» **GIVEN DATA**
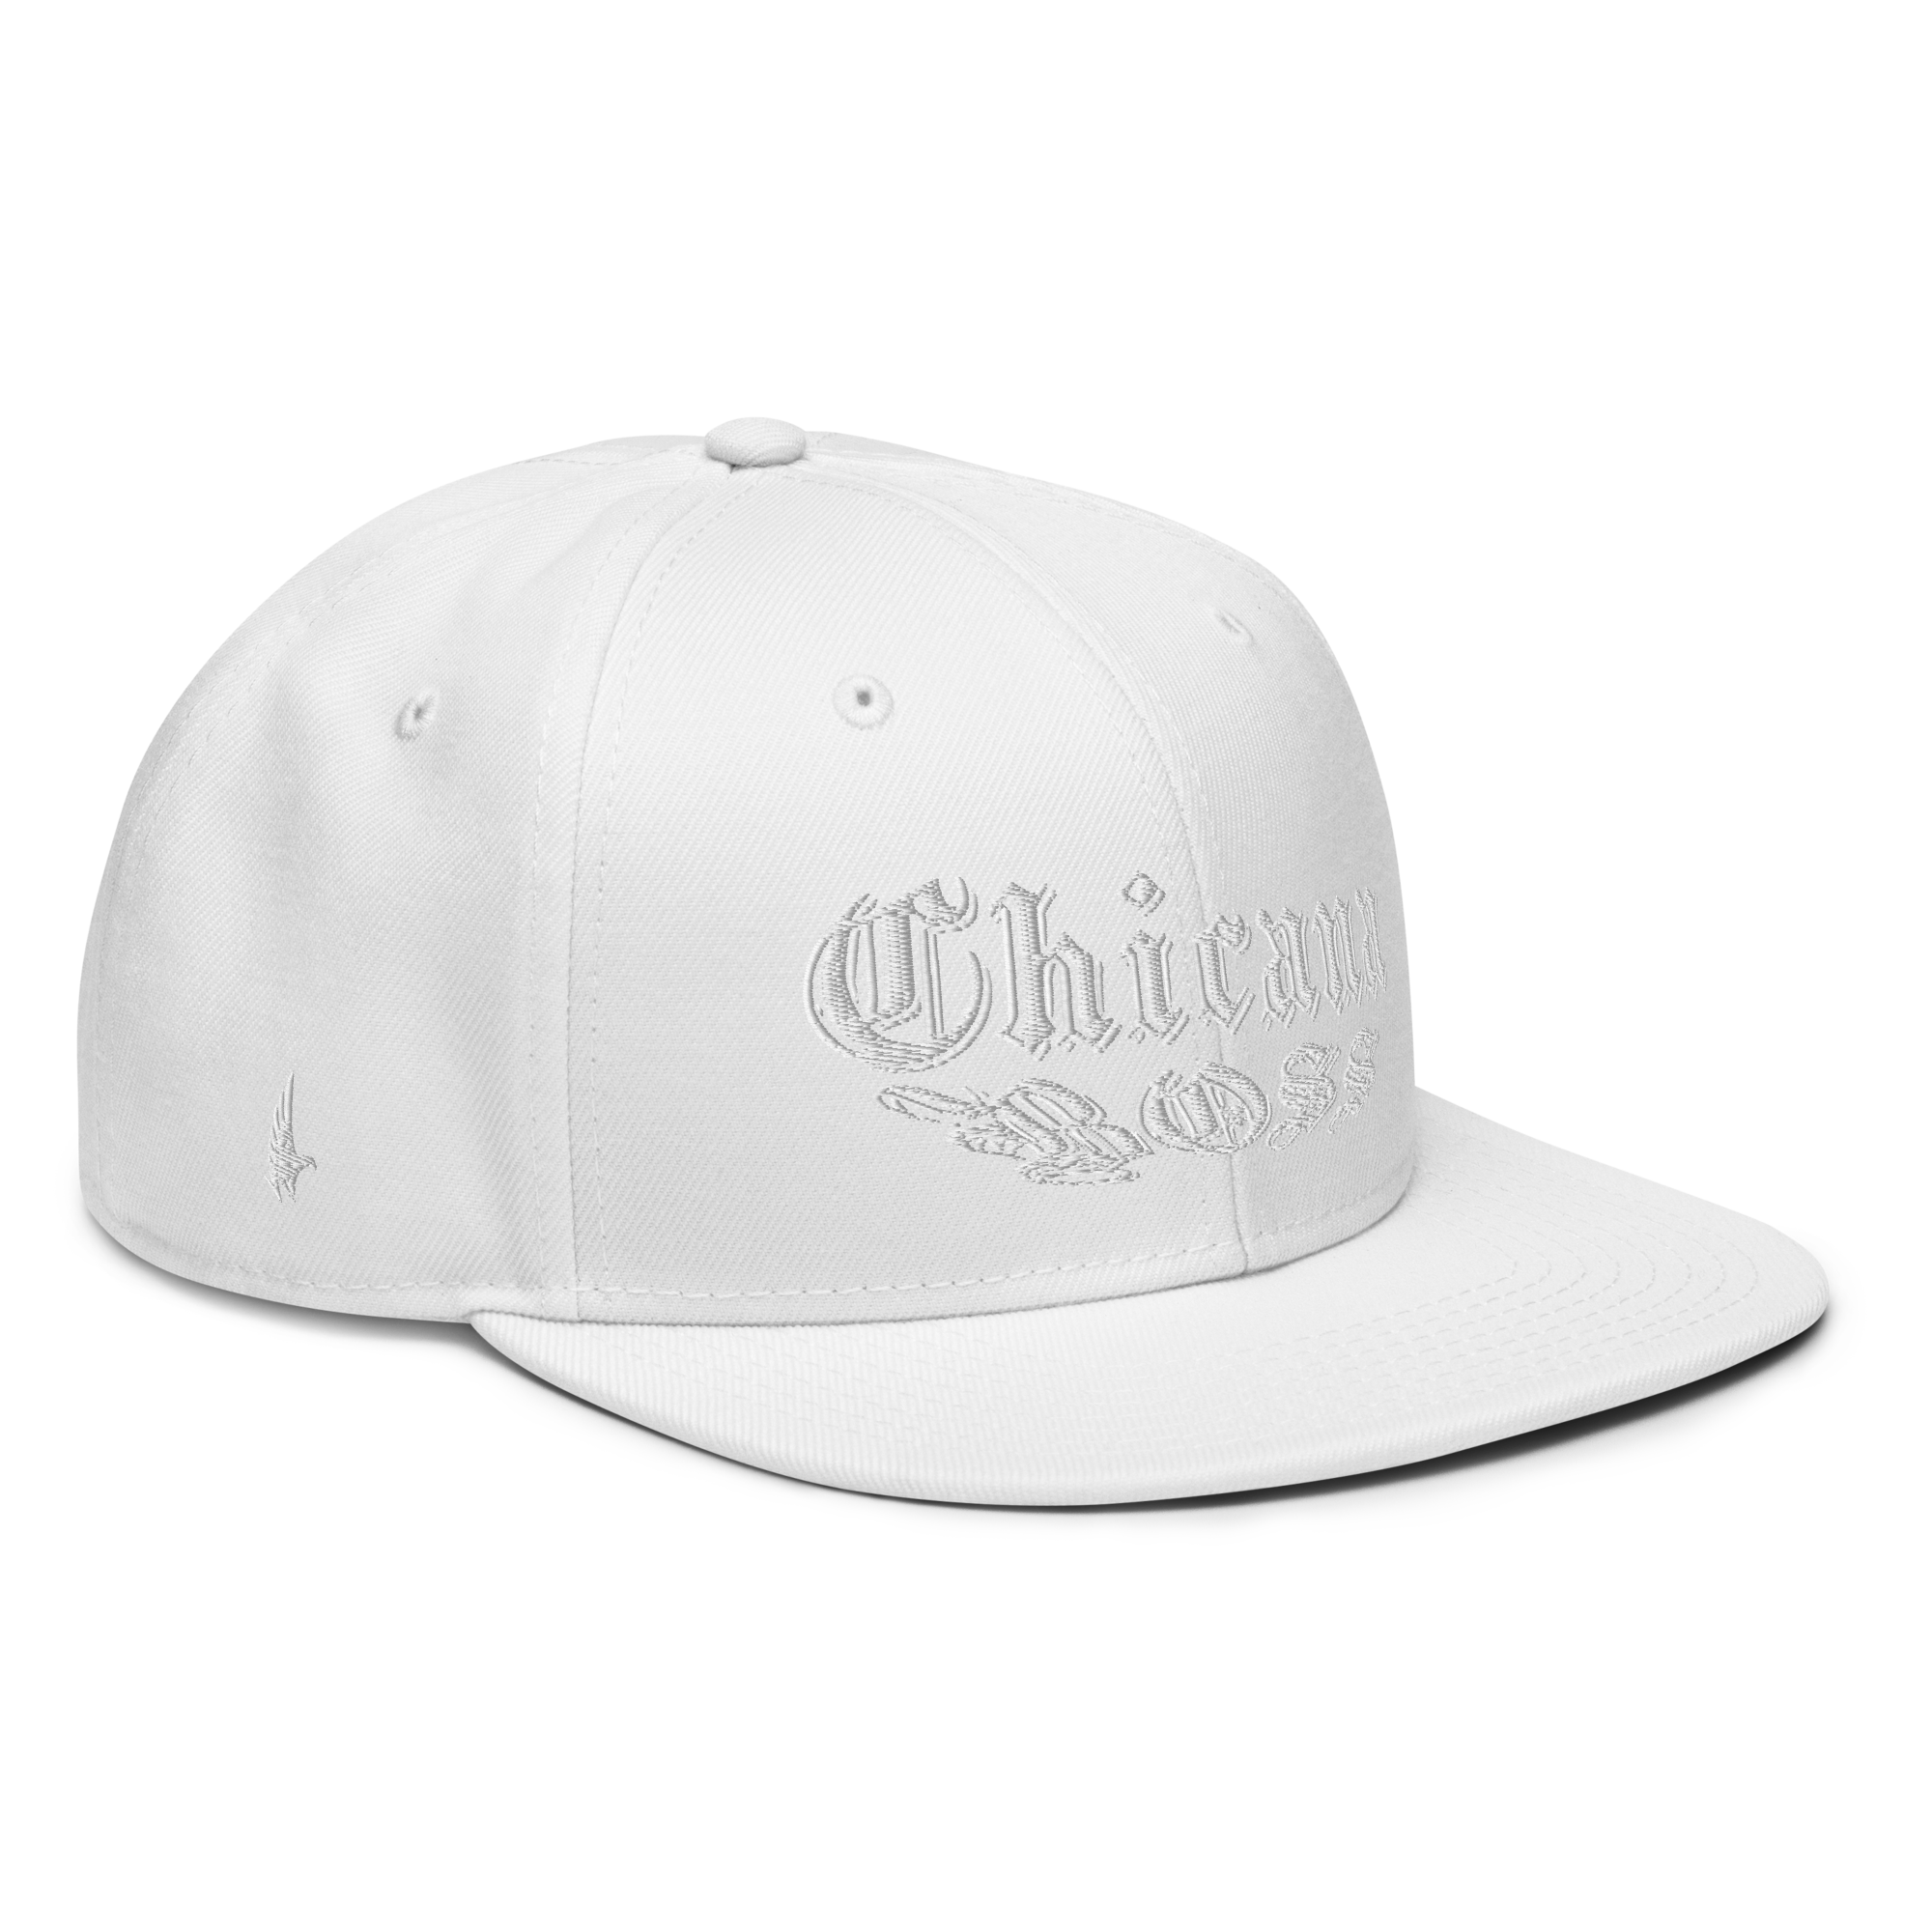 Chicana Boss Snapback Hat - White/White - Loyalty Vibes
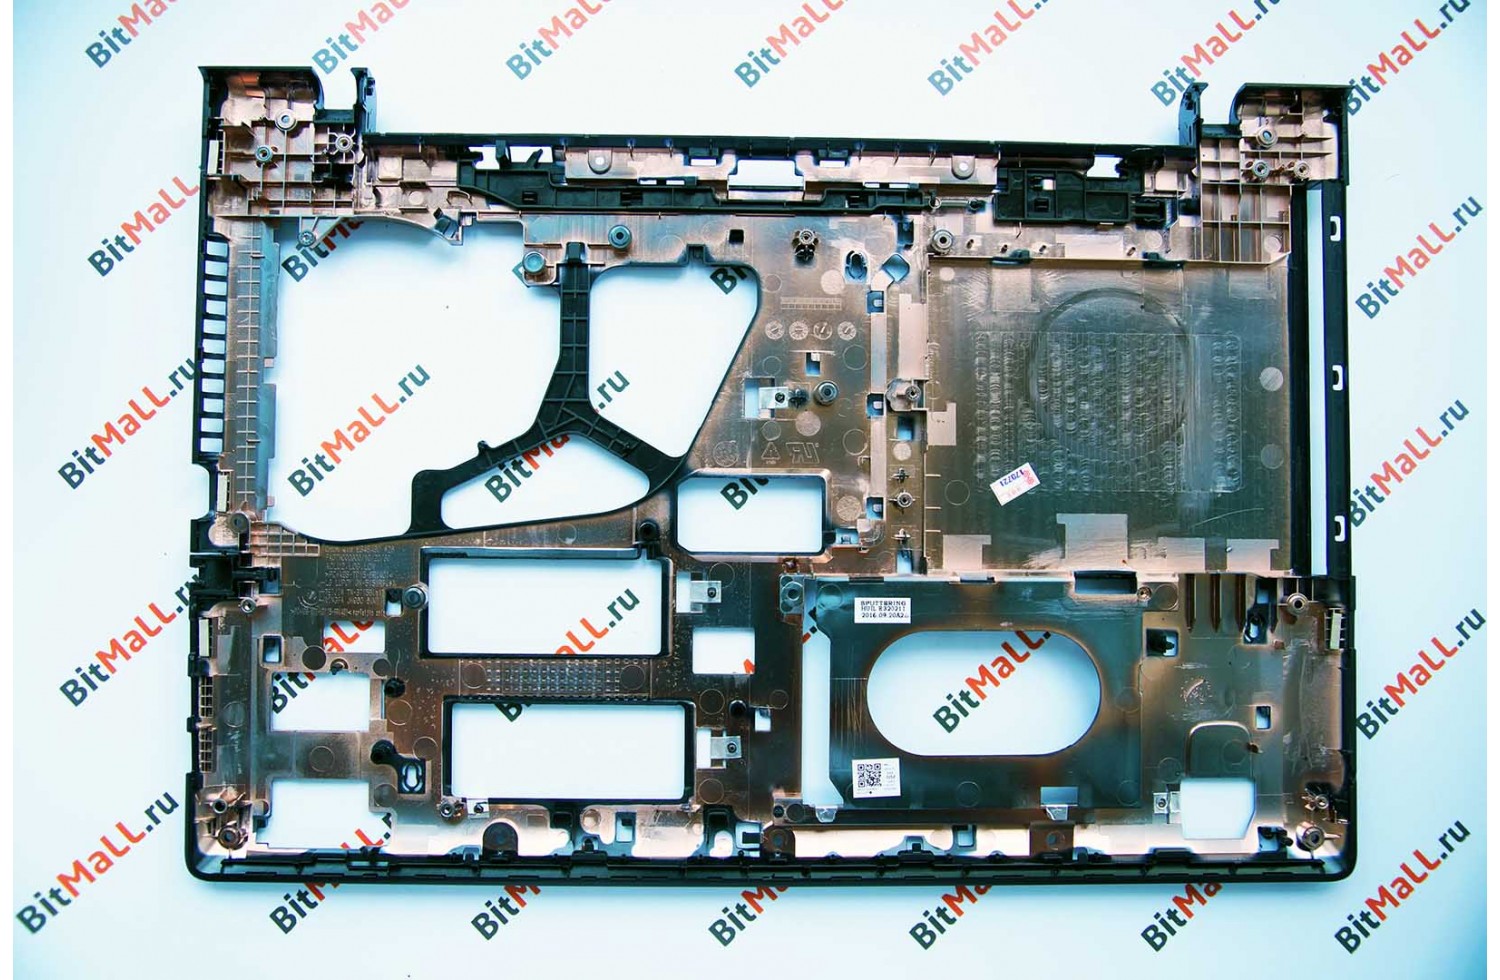 Ноутбук Lenovo Z50 70 Купить
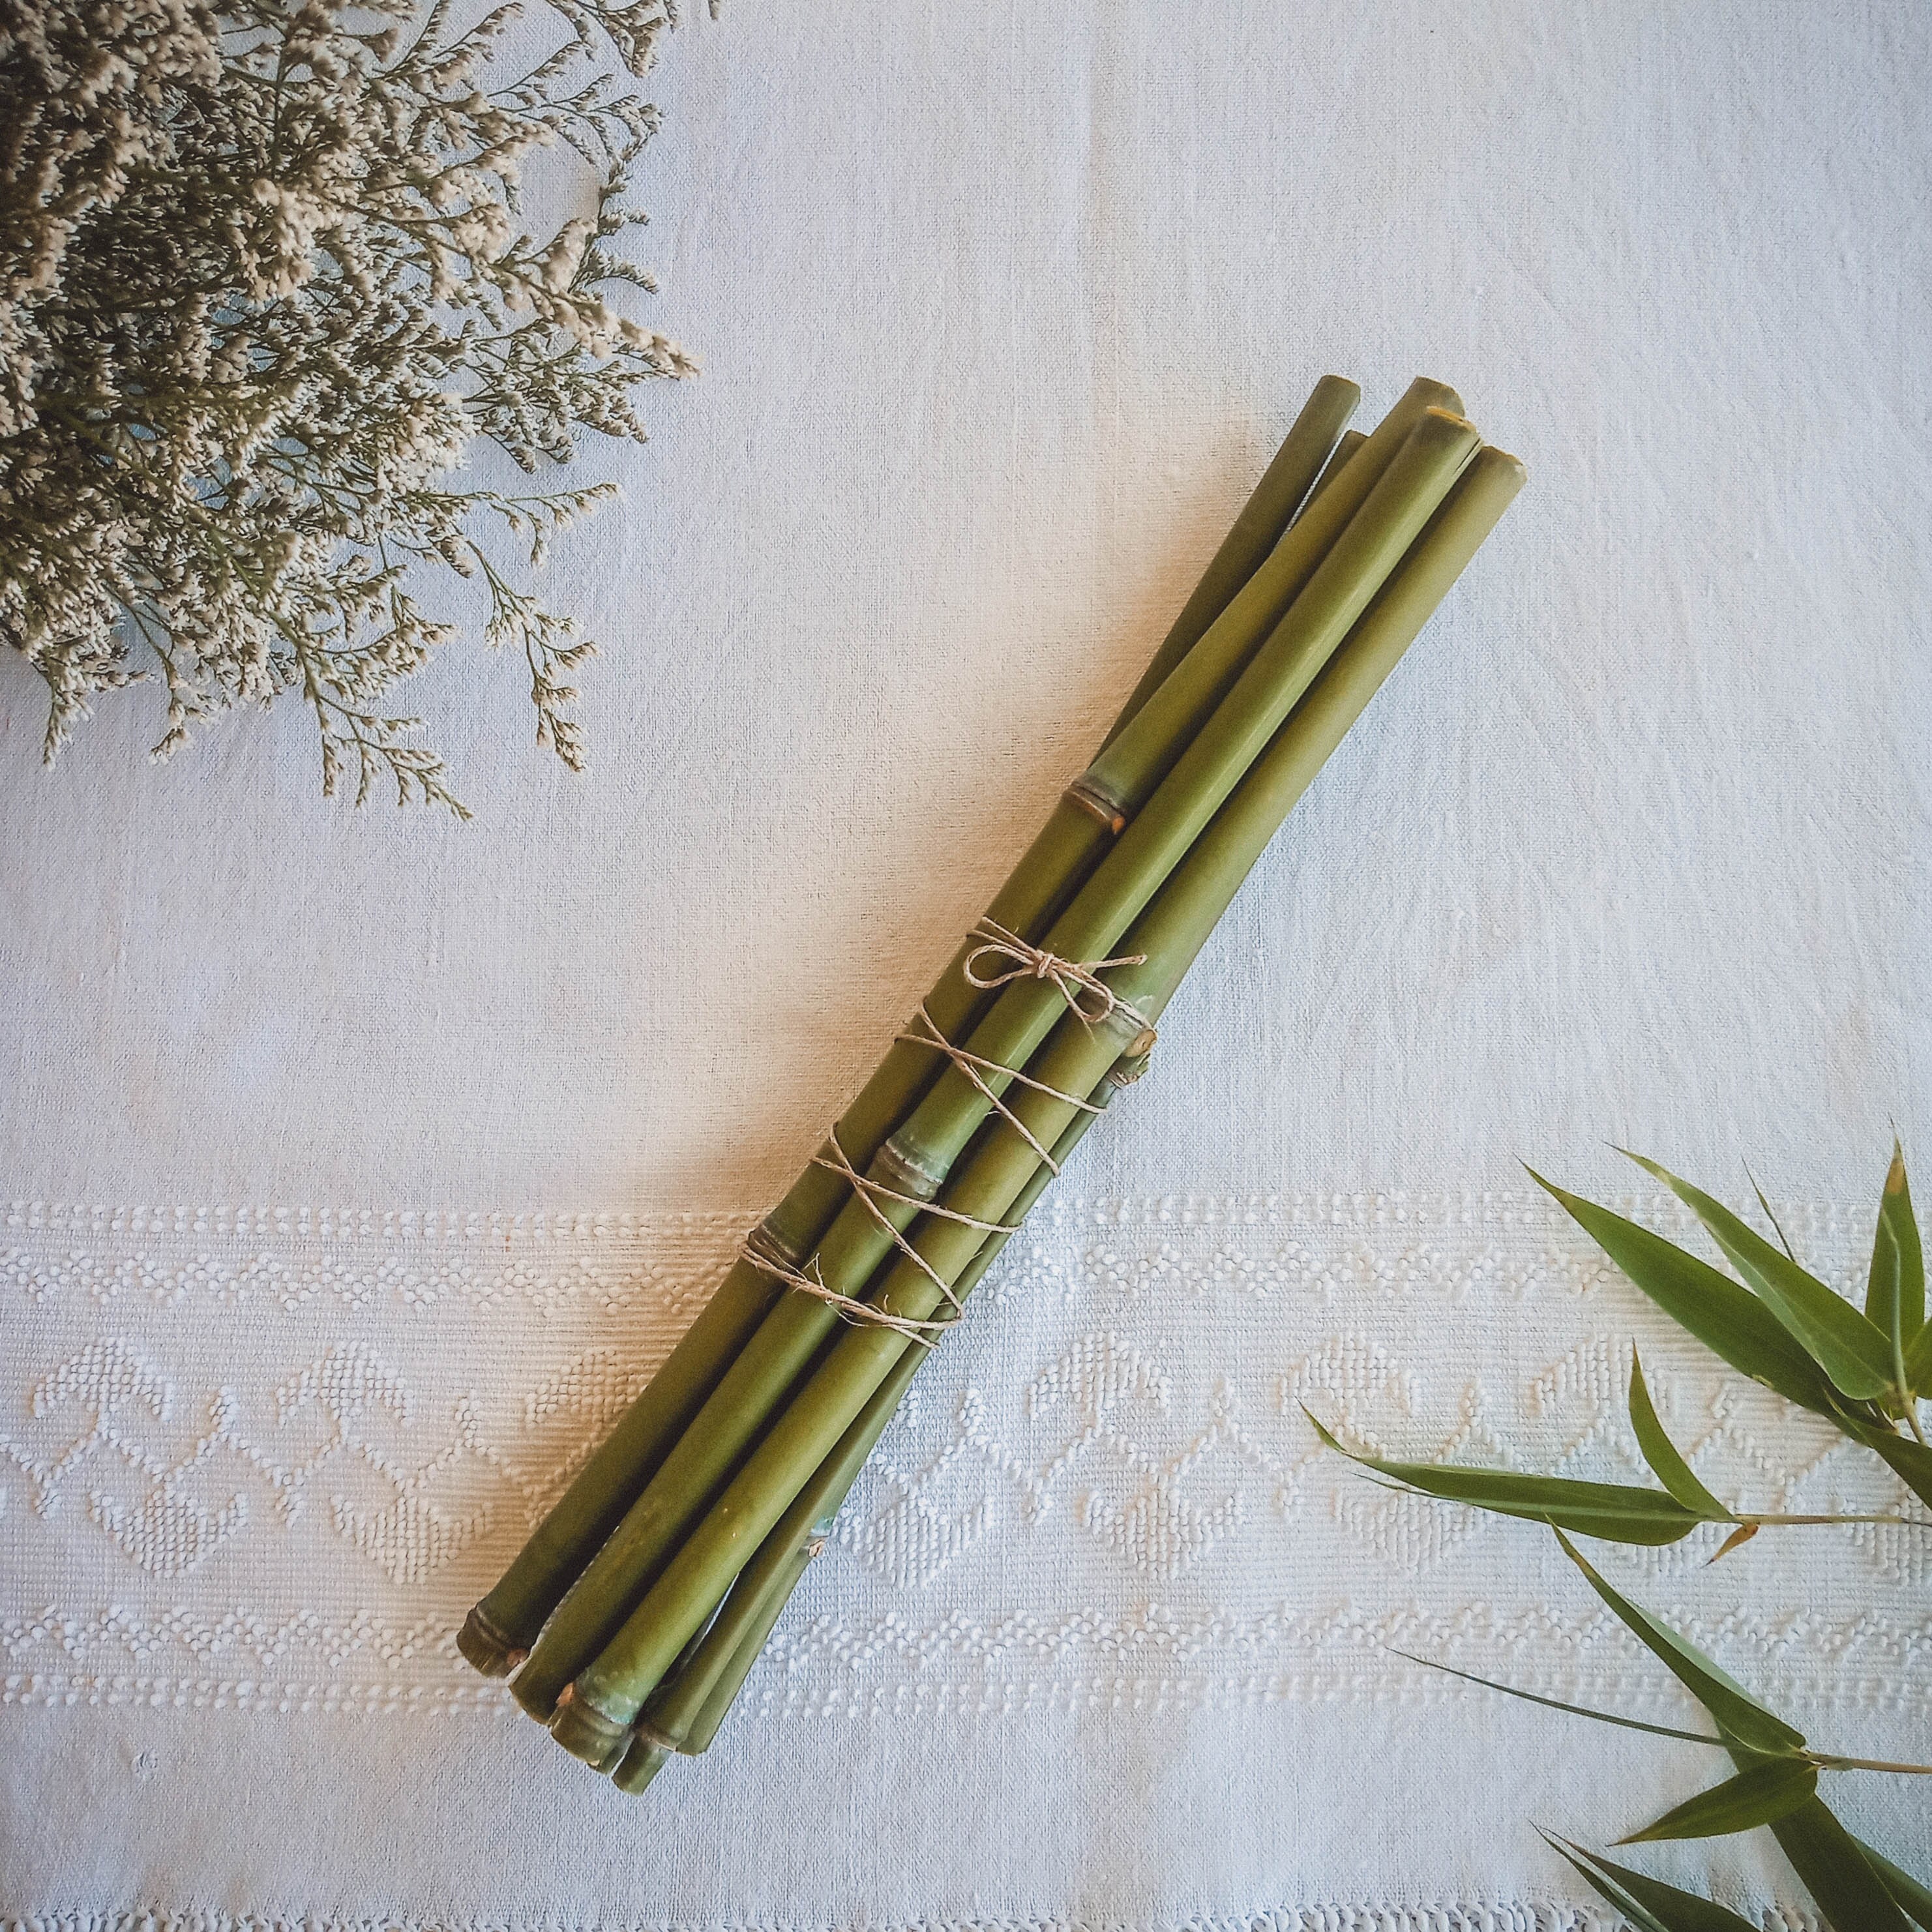 Fansunta 100pcs 15.7x0.35 Inch Strong Natural Bamboo Sticks, Wooden Craft  Sticks, Extra Long Sticks, Wood Strips for Craft Projects

» **TASK DIRECTIONS**
Please set the data above down exactly, with the pictures removed.

» **EXERCISE RESULT**
 Chicana Boss Snapback Hat - White/White - Loyalty Vibes
 Ноутбук Lenovo Z50 70 Купить
 Fansunta 100pcs 15.7x0.35 Inch Strong Natural Bamboo Sticks, Wooden Craft  Sticks, Extra Long Sticks, Wood Strips for Craft Projects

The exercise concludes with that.